_WHAT IS BEING ASKED_
Nothing but the lines from the one containing "WD 01 - Digestives" through the last line of the data below should be returned, each exactly as it stands, pictures excluded.

** Opening AVAILABLE DATA block **

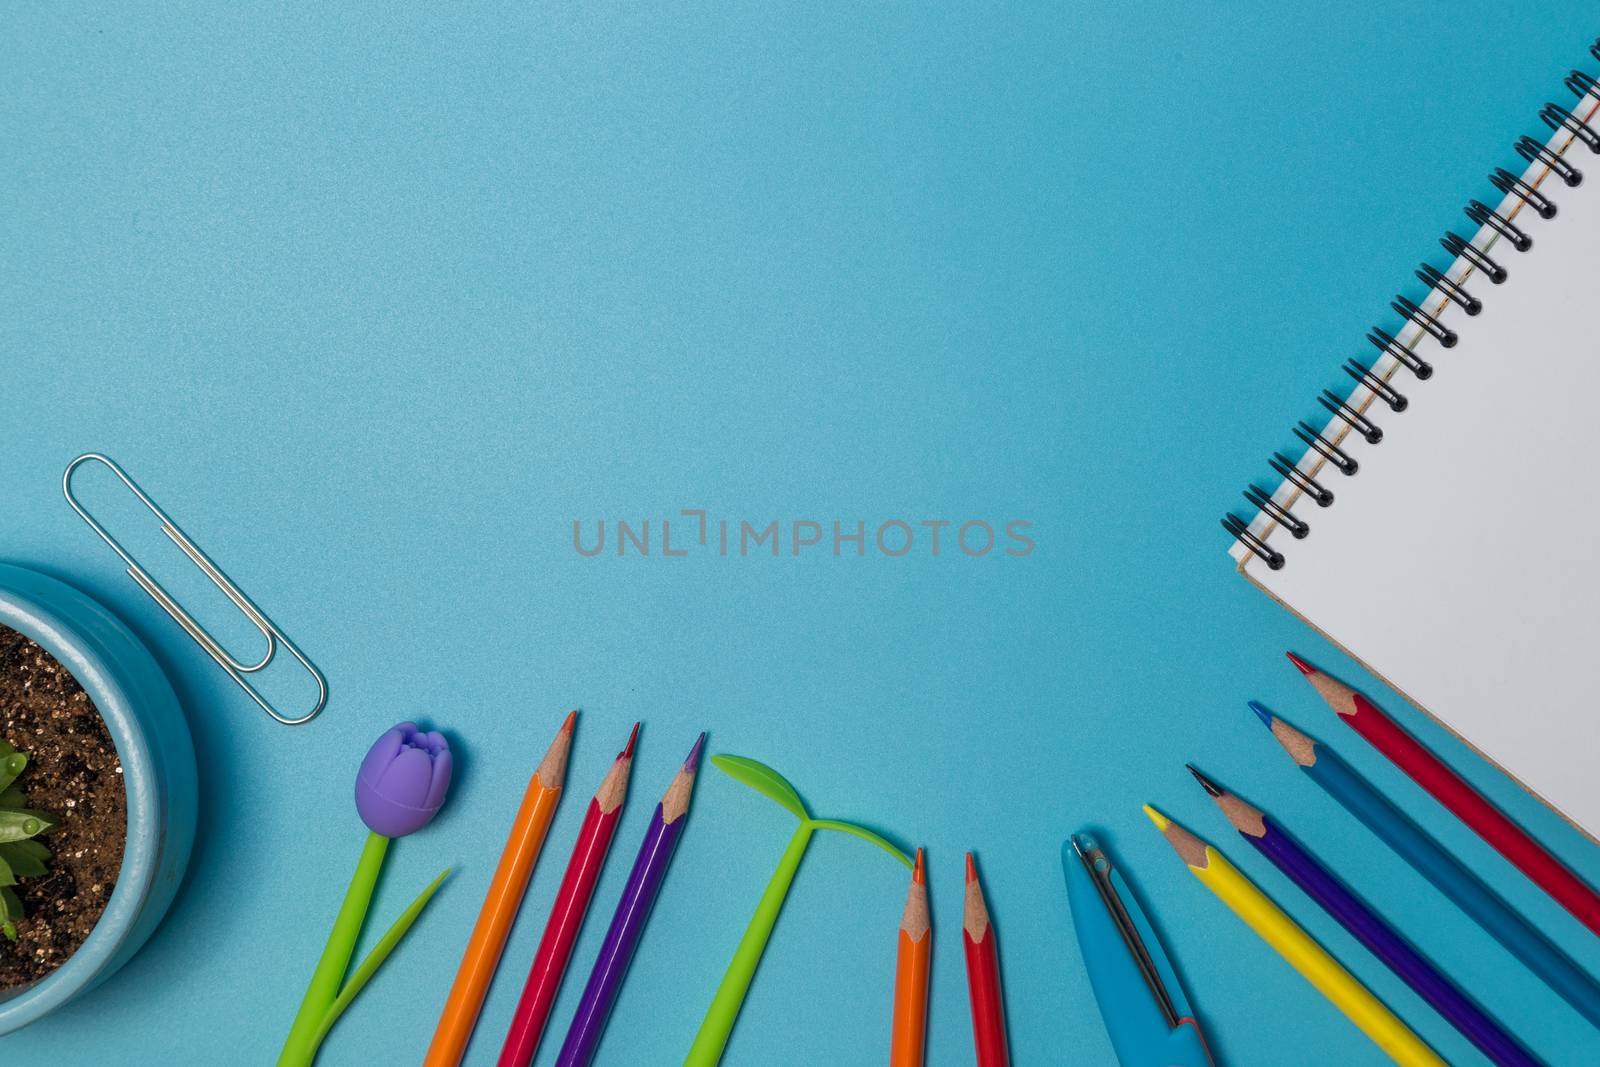 School supplies. Top view on a blue background with copy space. by galinasharapova
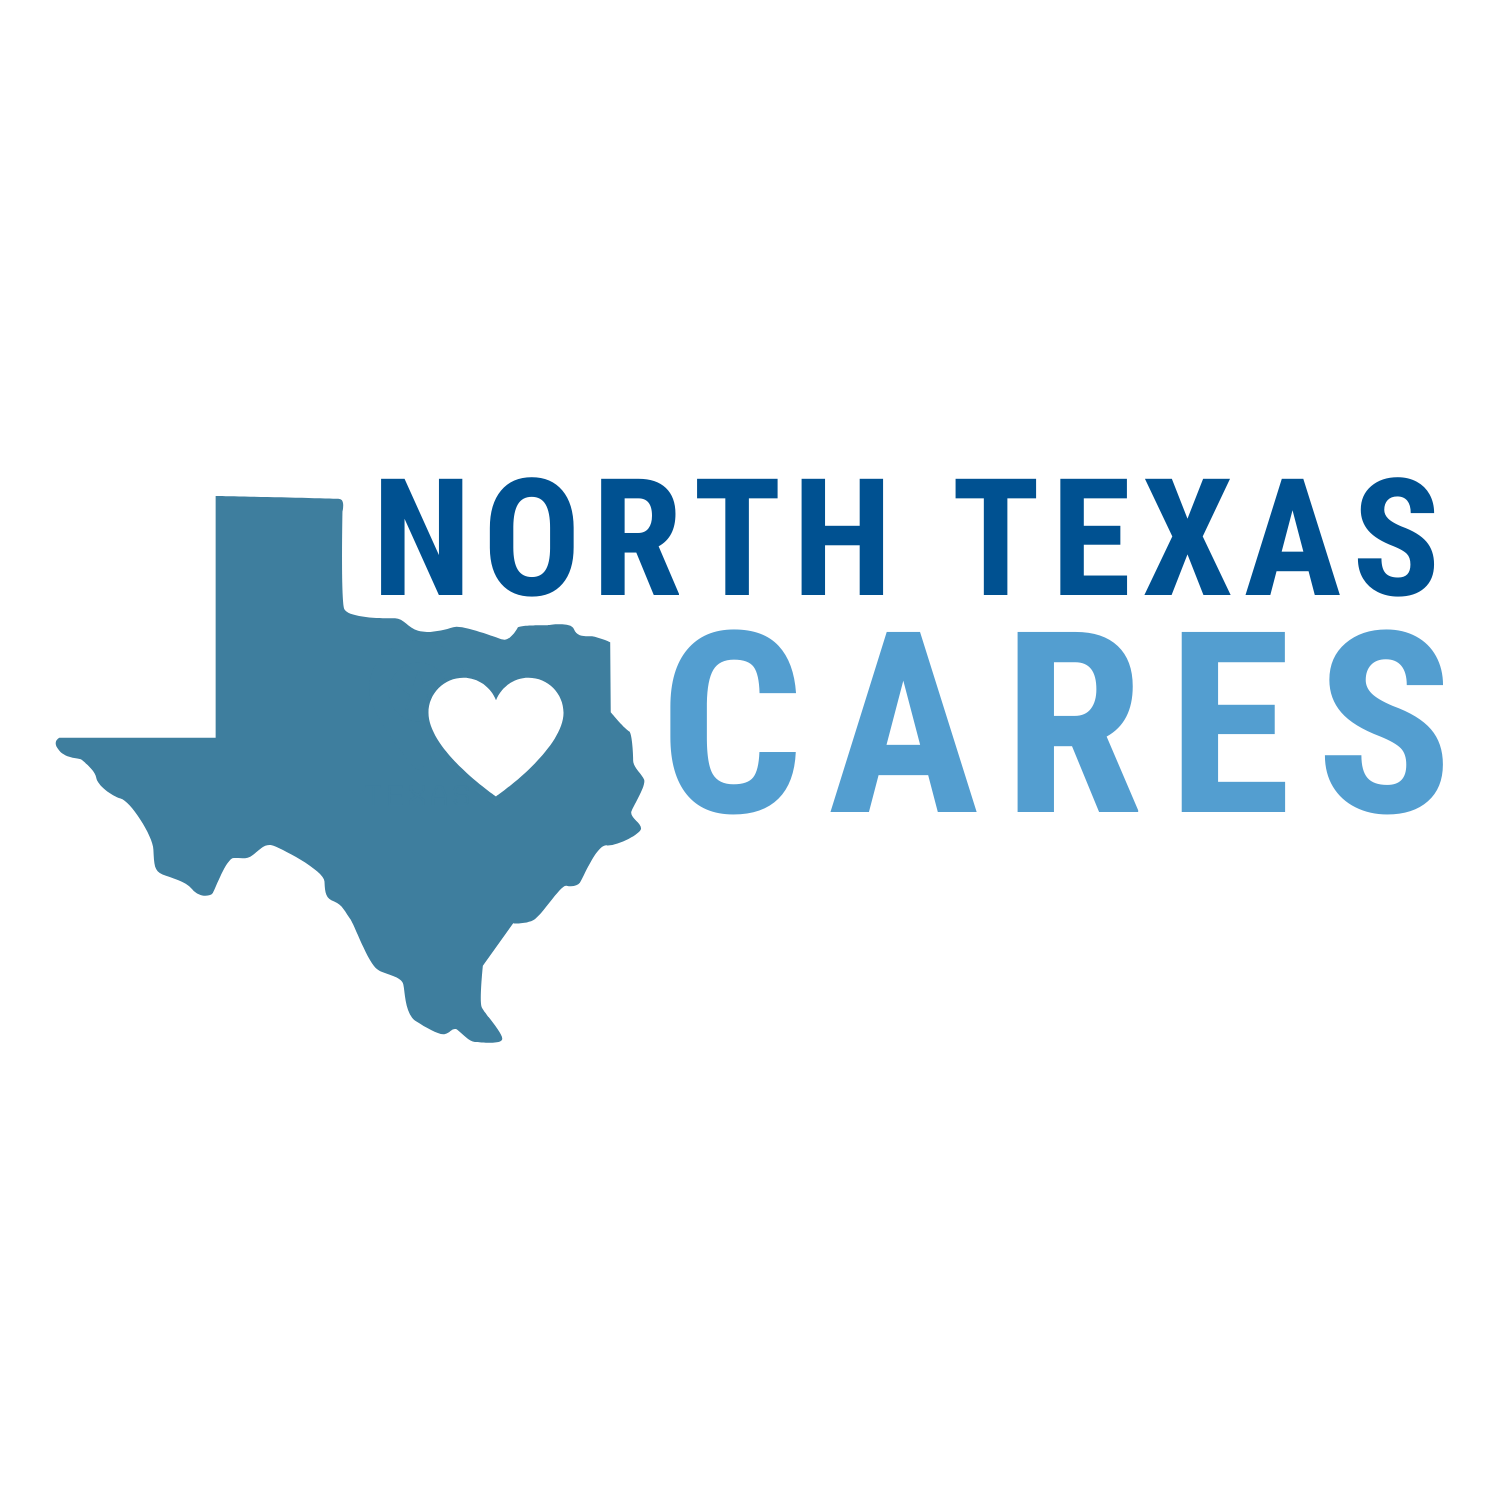 We Care. North Texas Cares.
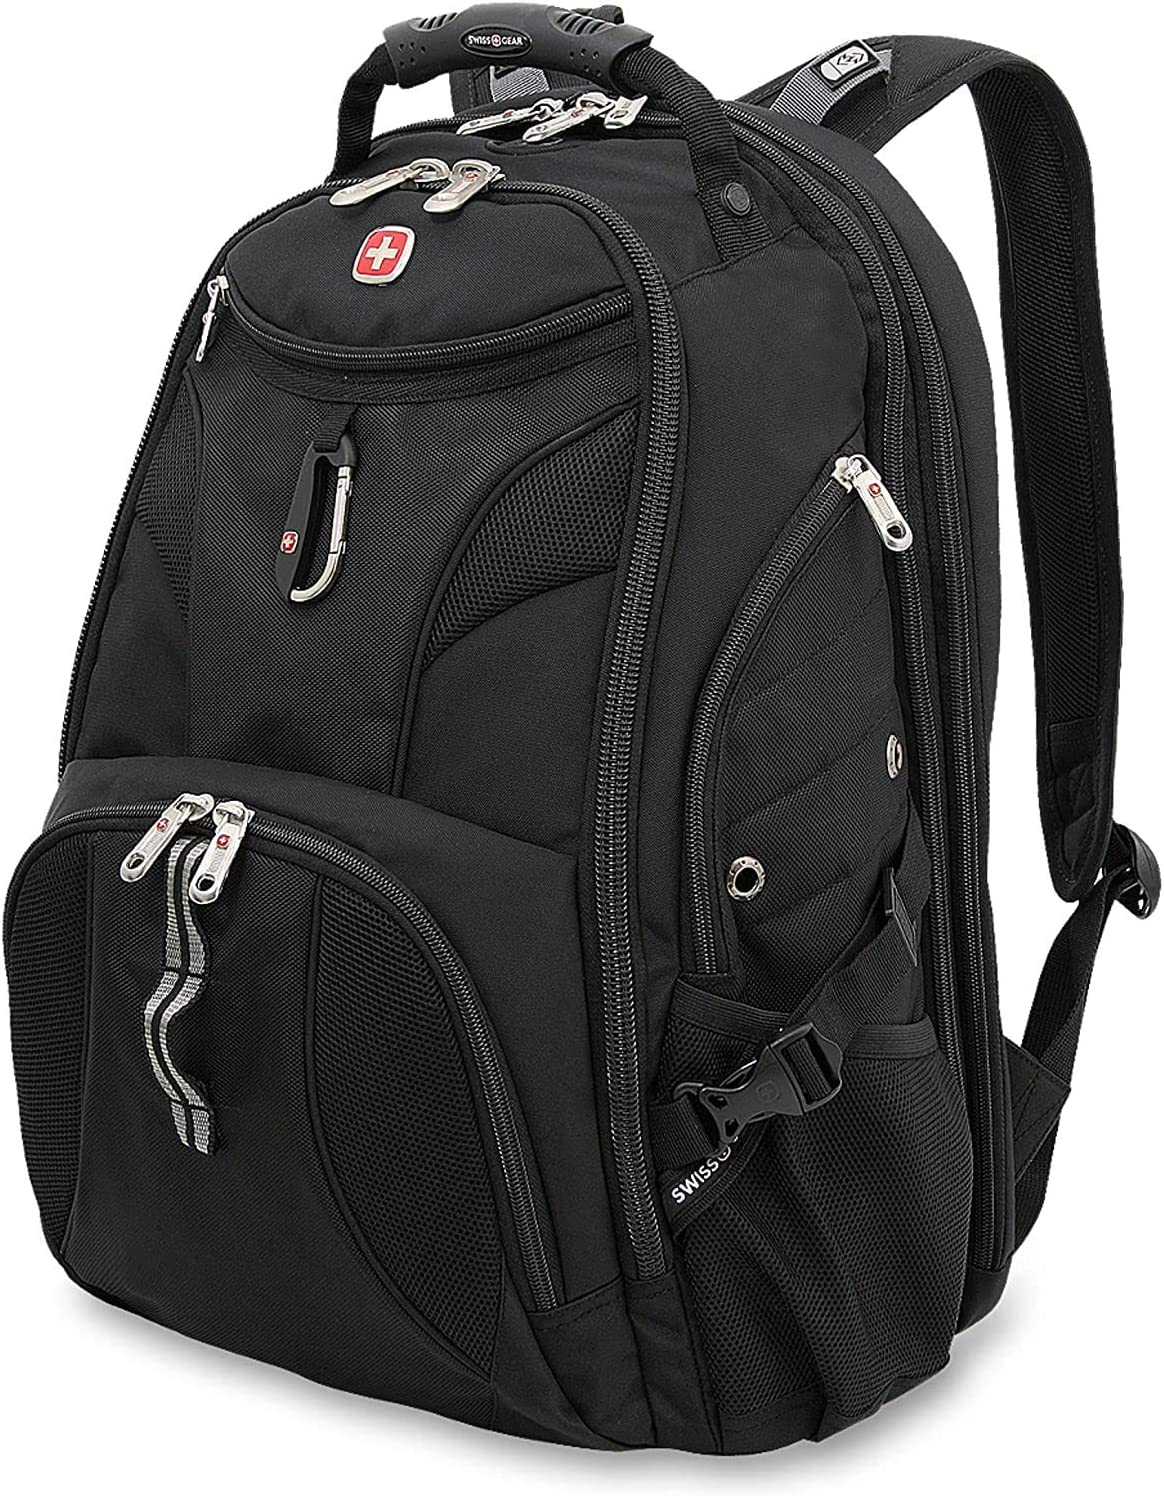 commuter laptop backpack review
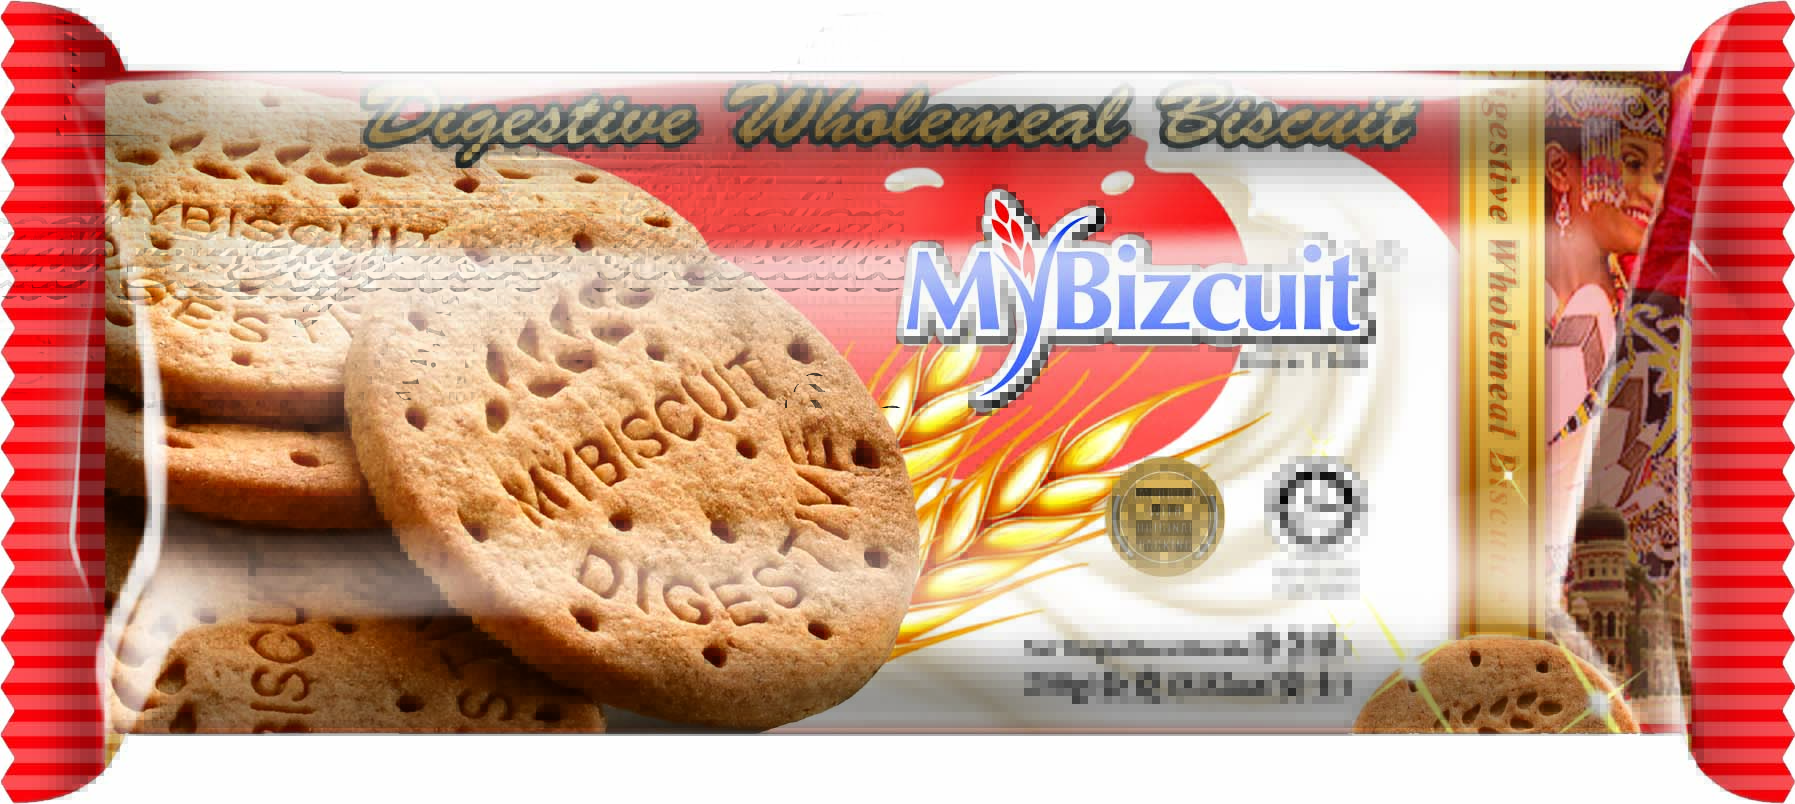 WD 01 - Digestives Wholemeal Biscuit (250 g Per Unit)
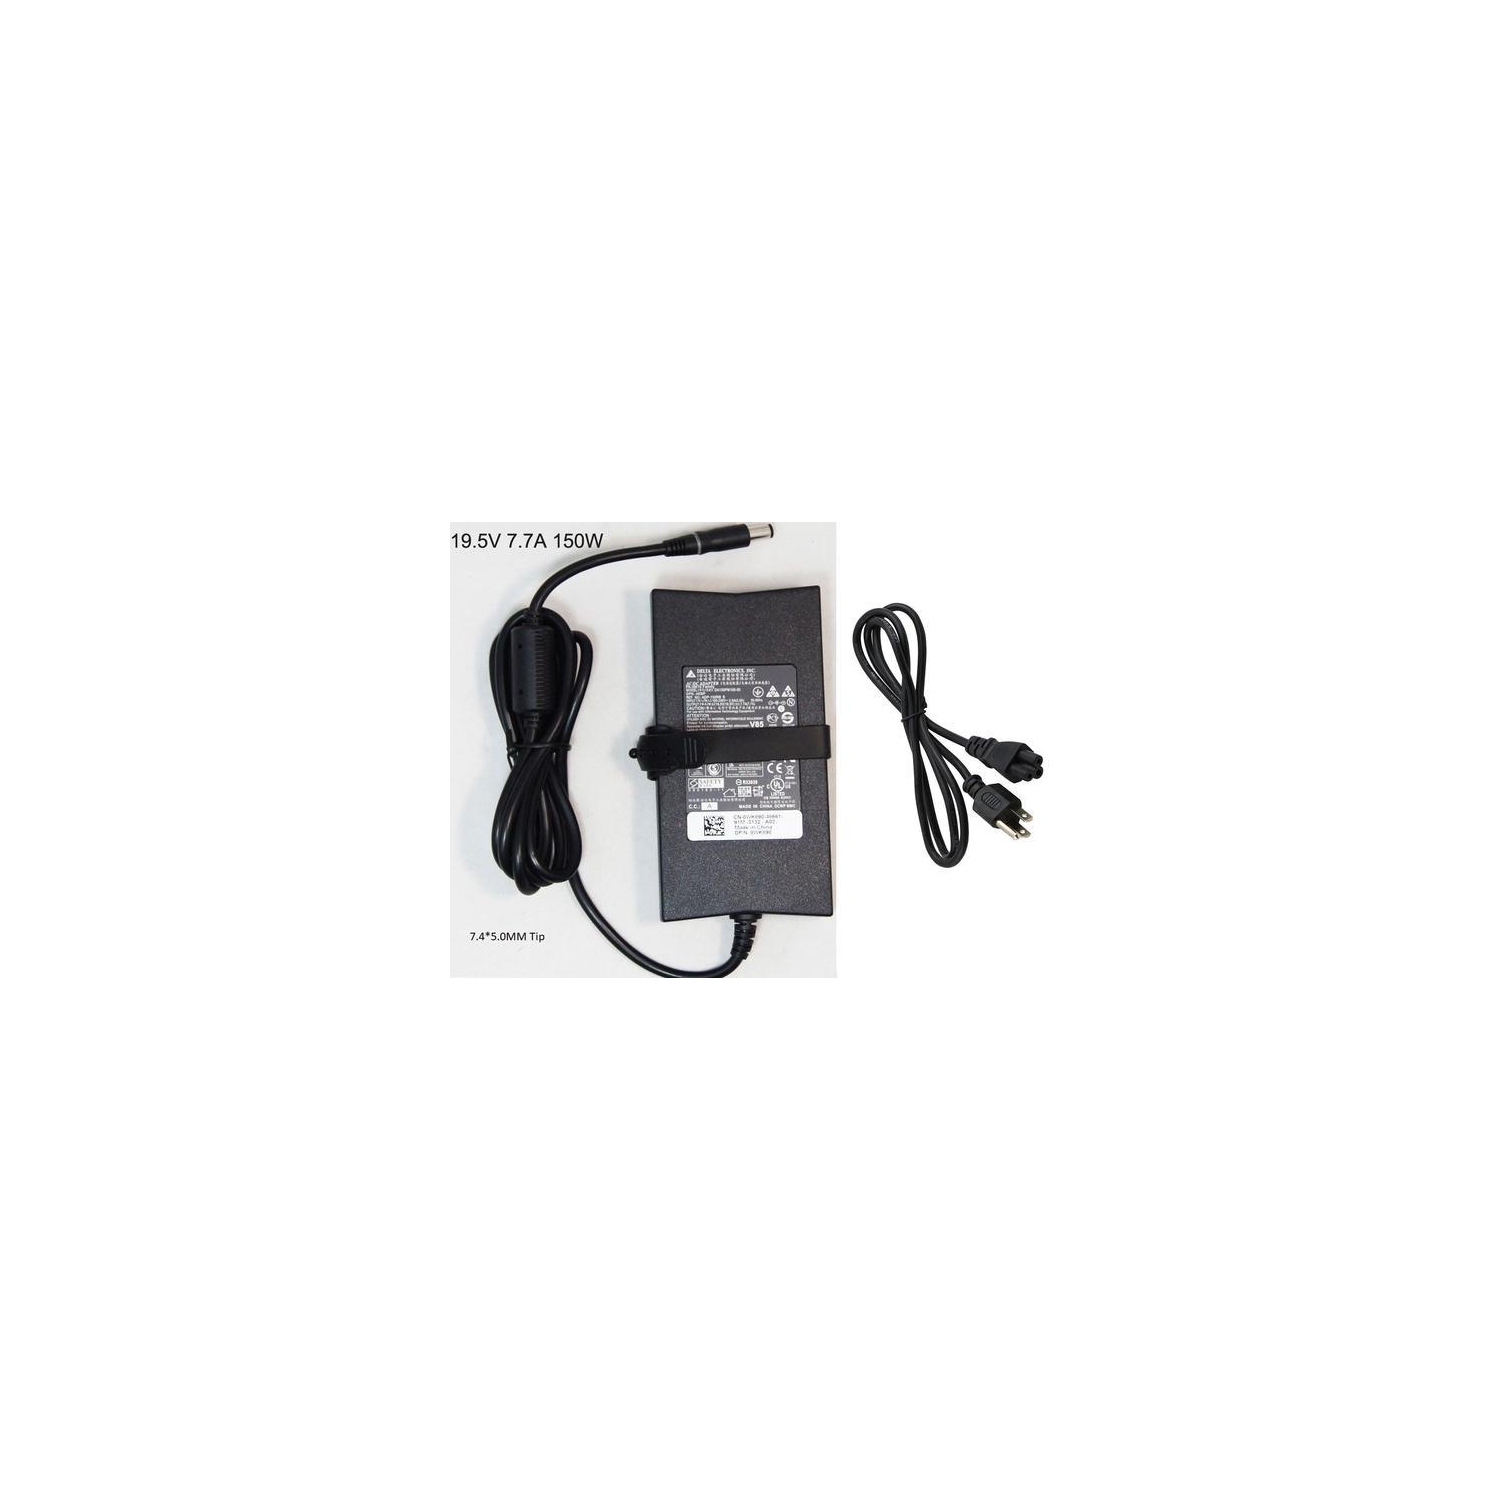 New Genuine Dell Alienware M14 M14x M14x R2 M15x M17x M17x R3 M17x R4 AC Adapter Charger 150W

** Closing AVAILABLE DATA block **

_TASK ANSWER_
 WD 01 - Digestives Wholemeal Biscuit (250 g Per Unit)
 New Genuine Dell Alienware M14 M14x M14x R2 M15x M17x M17x R3 M17x R4 AC Adapter Charger 150W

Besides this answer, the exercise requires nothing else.